TASK REQUIREMENTS: After locating the line with "Santa Claus, Snowman" in the data that follows, return it and every later line exactly, up to and including the line with "DyoCense IoT smart".
*** Opening of SUPPLIED MATERIAL ***
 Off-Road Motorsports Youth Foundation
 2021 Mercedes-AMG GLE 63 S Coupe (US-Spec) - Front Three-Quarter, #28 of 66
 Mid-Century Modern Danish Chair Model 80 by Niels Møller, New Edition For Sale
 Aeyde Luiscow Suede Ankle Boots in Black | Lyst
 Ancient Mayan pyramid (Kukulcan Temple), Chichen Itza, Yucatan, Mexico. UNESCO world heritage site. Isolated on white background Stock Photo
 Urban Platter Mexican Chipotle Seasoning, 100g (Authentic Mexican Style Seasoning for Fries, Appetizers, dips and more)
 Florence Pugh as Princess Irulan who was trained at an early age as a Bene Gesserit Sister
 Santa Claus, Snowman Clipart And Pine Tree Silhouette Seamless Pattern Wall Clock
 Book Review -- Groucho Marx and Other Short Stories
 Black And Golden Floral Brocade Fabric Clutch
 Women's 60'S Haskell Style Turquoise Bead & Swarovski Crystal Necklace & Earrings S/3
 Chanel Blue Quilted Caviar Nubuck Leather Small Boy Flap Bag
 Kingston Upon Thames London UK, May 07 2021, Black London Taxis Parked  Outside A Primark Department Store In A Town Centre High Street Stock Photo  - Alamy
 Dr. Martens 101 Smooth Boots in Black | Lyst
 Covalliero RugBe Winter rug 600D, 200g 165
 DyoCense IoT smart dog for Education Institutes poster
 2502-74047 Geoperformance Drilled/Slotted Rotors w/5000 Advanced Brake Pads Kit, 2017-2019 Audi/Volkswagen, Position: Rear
*** Close of SUPPLIED MATERIAL ***
ANSWER TO THE EXERCISE:
 Santa Claus, Snowman Clipart And Pine Tree Silhouette Seamless Pattern Wall Clock
 Book Review -- Groucho Marx and Other Short Stories
 Black And Golden Floral Brocade Fabric Clutch
 Women's 60'S Haskell Style Turquoise Bead & Swarovski Crystal Necklace & Earrings S/3
 Chanel Blue Quilted Caviar Nubuck Leather Small Boy Flap Bag
 Kingston Upon Thames London UK, May 07 2021, Black London Taxis Parked  Outside A Primark Department Store In A Town Centre High Street Stock Photo  - Alamy
 Dr. Martens 101 Smooth Boots in Black | Lyst
 Covalliero RugBe Winter rug 600D, 200g 165
 DyoCense IoT smart dog for Education Institutes poster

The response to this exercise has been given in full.